NETWORK MODULE 118 is the collection of computer software, hardware, and firmware that allows computer 102 to communicate with other computers through WAN 108. Network module 118 may include hardware, such as modems or Wi-Fi signal transceivers, software for packetizing and/or de-packetizing data for communication network transmission, and/or web browser software for communicating data over the internet. In some embodiments, network control functions and network forwarding functions of network module 118 are performed on the same physical hardware device. In other embodiments (for example, embodiments that utilize software-defined networking (SDN)), the control functions and the forwarding functions of network module 118 are performed on physically separate devices, such that the control functions manage several different network hardware devices. Computer readable program instructions for performing the inventive methods can typically be downloaded to computer 102 from an external computer or external storage device through a network adapter card or network interface included in network module 118.
WAN 108 is any wide area network (for example, the internet) capable of communicating computer data over non-local distances by any technology for communicating computer data, now known or to be developed in the future. In some embodiments, the WAN may be replaced and/or supplemented by local area networks (LANs) designed to communicate data between devices located in a local area, such as a Wi-Fi network. The WAN and/or LANs typically include computer hardware such as copper transmission cables, optical transmission fibers, wireless transmission, routers, firewalls, switches, gateway computers and edge servers.
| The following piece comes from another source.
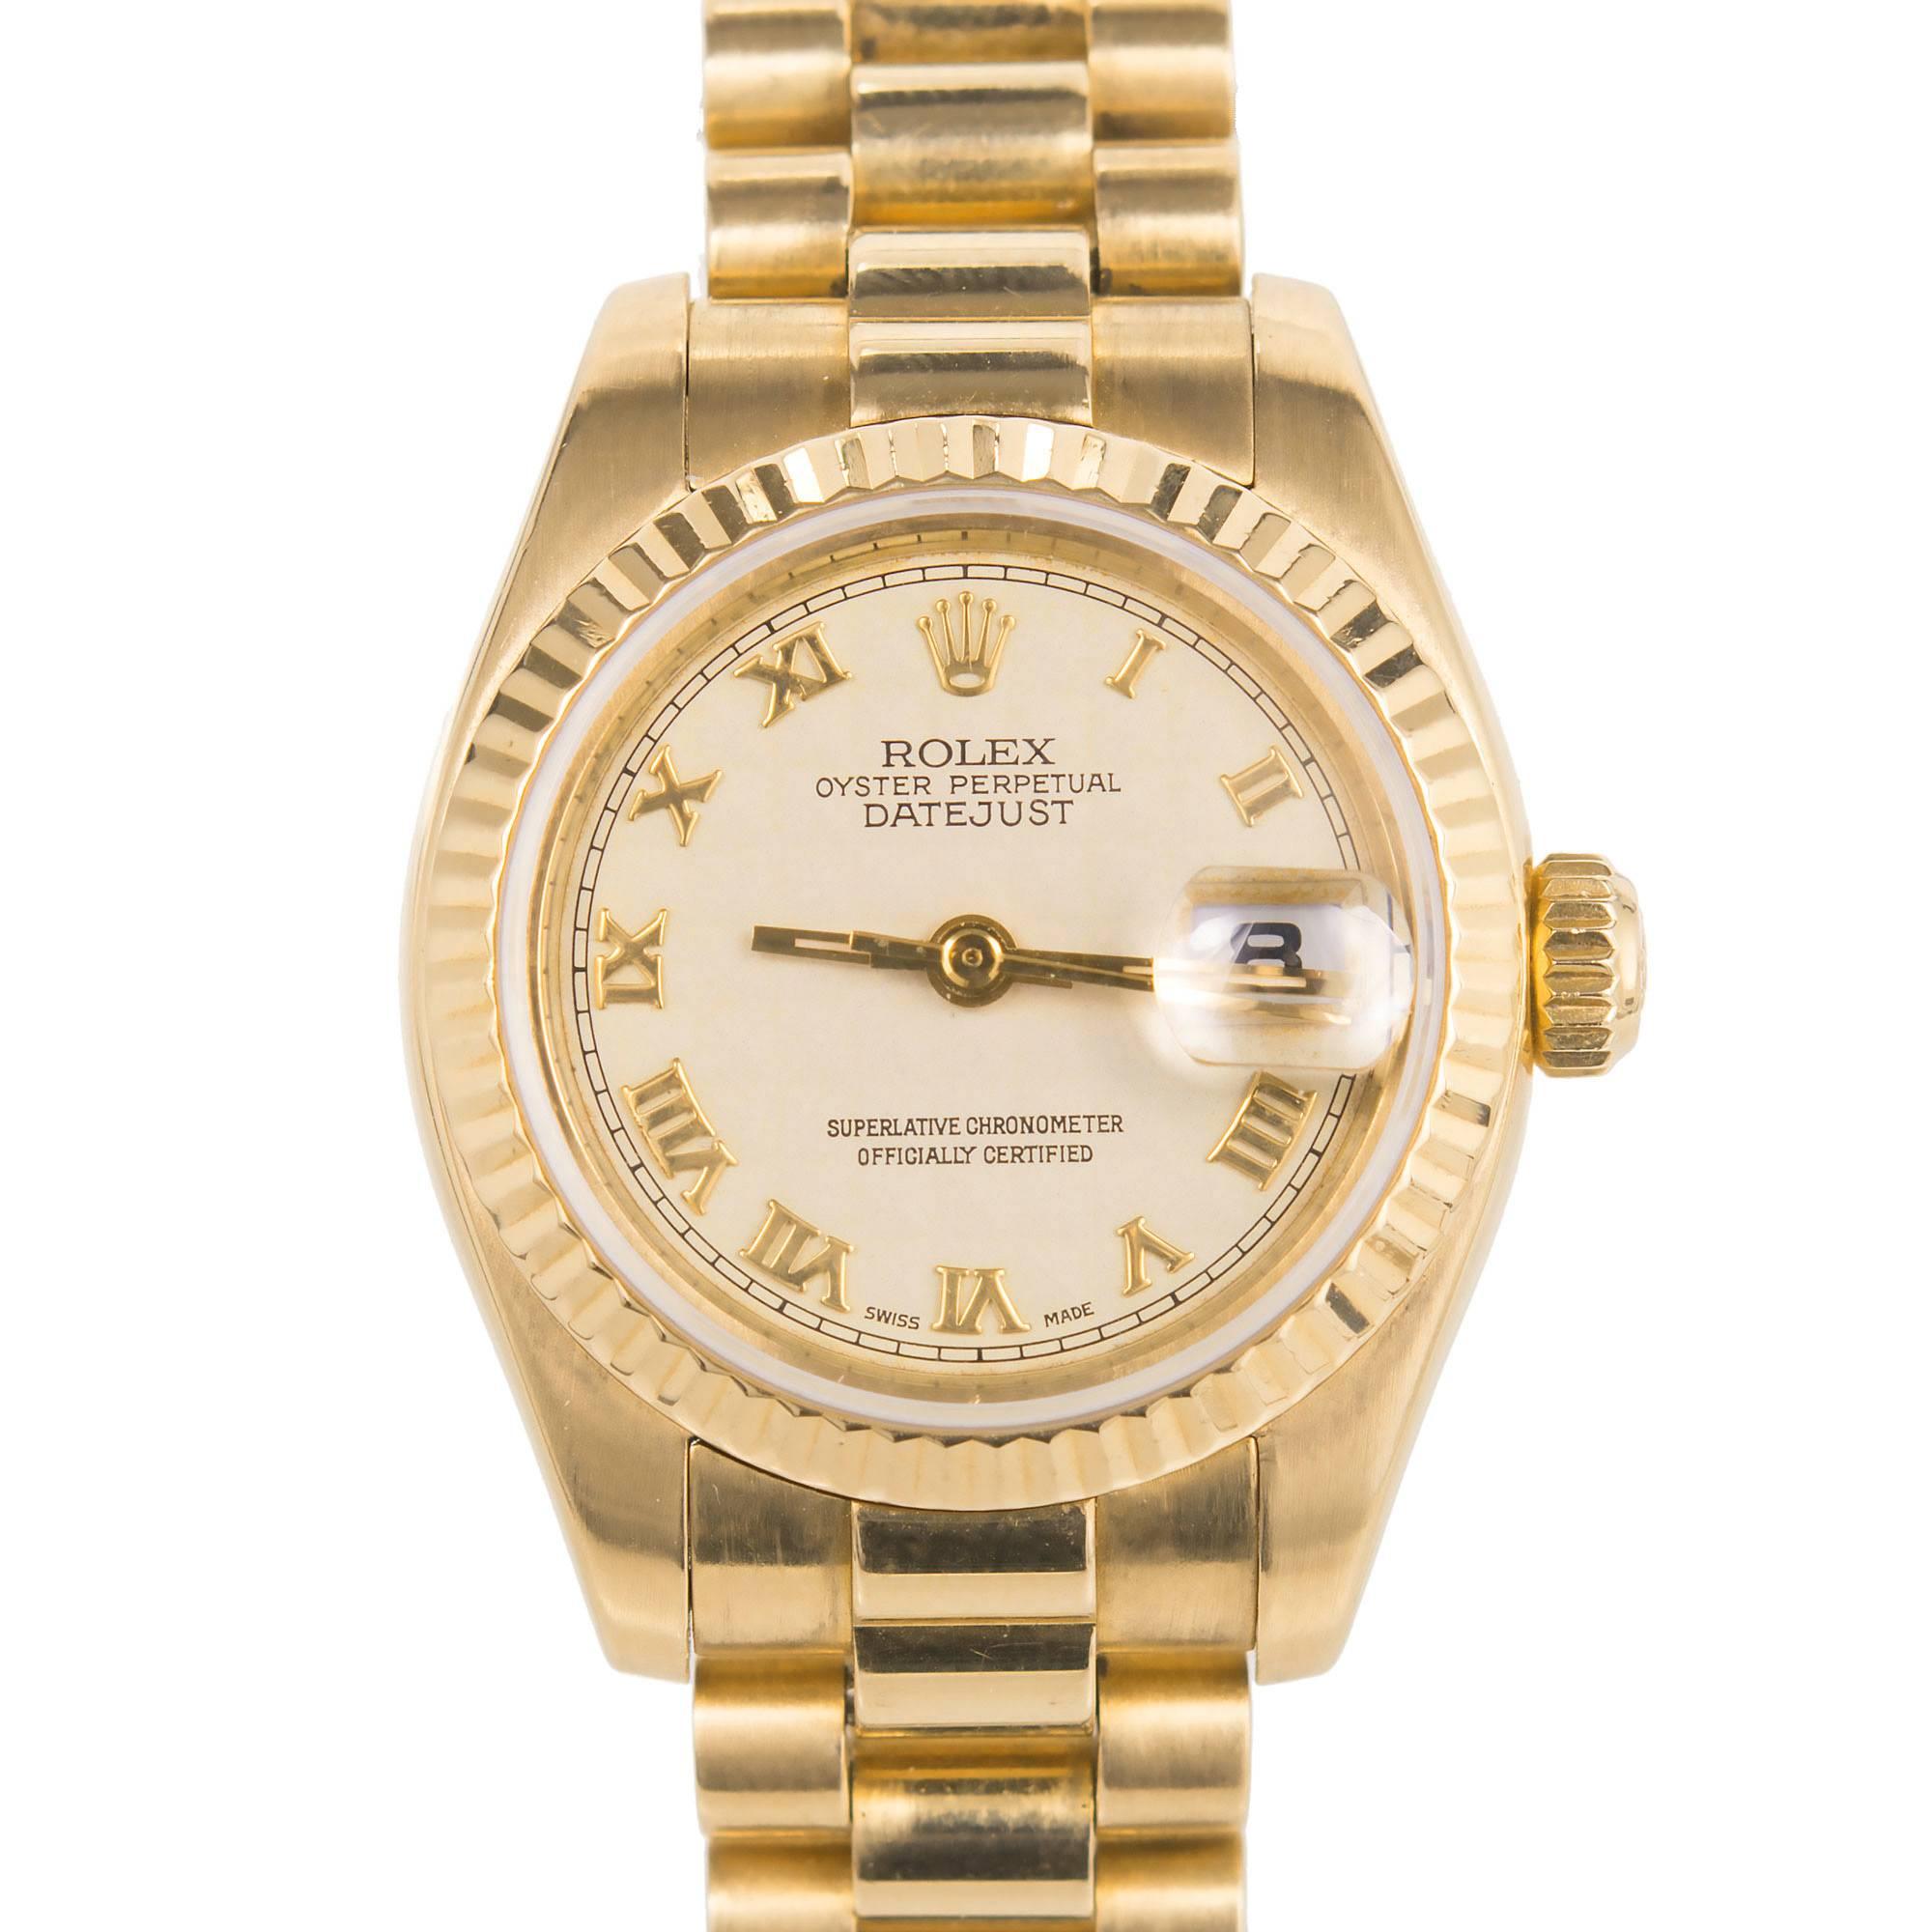 Montre-bracelet Datejust en or jaune pour dame Rolex Réf. 179178, année 2002

END USER DEVICE (EUD) 132 is any computer system that is used and controlled by an end user (for example, a customer of an enterprise that operates computer 102), and may take any of the forms discussed above in connection with computer 102. EUD 132 typically receives helpful and useful data from the operations of computer 102. For example, in a hypothetical case where computer 102 is designed to provide a recommendation to an end user, this recommendation would typically be communicated from network module 118 of computer 102 through WAN 108 to EUD 132. In this way, EUD 132 can display, or otherwise present, the recommendation to an end user. In some embodiments, EUD 132 may be a client device, such as thin client, heavy client, mainframe computer, desktop computer and so on.
REMOTE SERVER 104 is any computer system that serves at least some data and/or functionality to computer 102. Remote server 104 may be controlled and used by the same entity that operates computer 102. Remote server 104 represents the machine(s) that collect and store helpful and useful data for use by other computers, such as computer 102. For example, in a hypothetical case where computer 102 is designed and programmed to provide a recommendation based on historical data, then this historical data may be provided to computer 102 from remote database 130 of remote server 104.
PUBLIC CLOUD 150 is any computer system available for use by multiple entities that provides on-demand availability of computer system resources and/or other computer capabilities, especially data storage (cloud storage) and computing power, without direct active management by the user. Cloud computing typically leverages sharing of resources to achieve coherence and economics of scale. The direct and active management of the computing resources of public cloud 150 is performed by the computer hardware and/or software of cloud orchestration module 146. The computing resources provided by public cloud 150 are typically implemented by virtual computing environments that run on various computers making up the computers of host physical machine set 142, which is the universe of physical computers in and/or available to public cloud 150. The virtual computing environments (VCEs) typically take the form of virtual machines from virtual machine set 148 and/or containers from container set 144. It is understood that these VCEs may be stored as images and may be transferred among and between the various physical machine hosts, either as images or after instantiation of the VCE. Cloud orchestration module 146 manages the transfer and storage of images, deploys new instantiations of VCEs and manages active instantiations of VCE deployments. Gateway 140 is the collection of computer software, hardware, and firmware that allows public cloud 150 to communicate through WAN 108.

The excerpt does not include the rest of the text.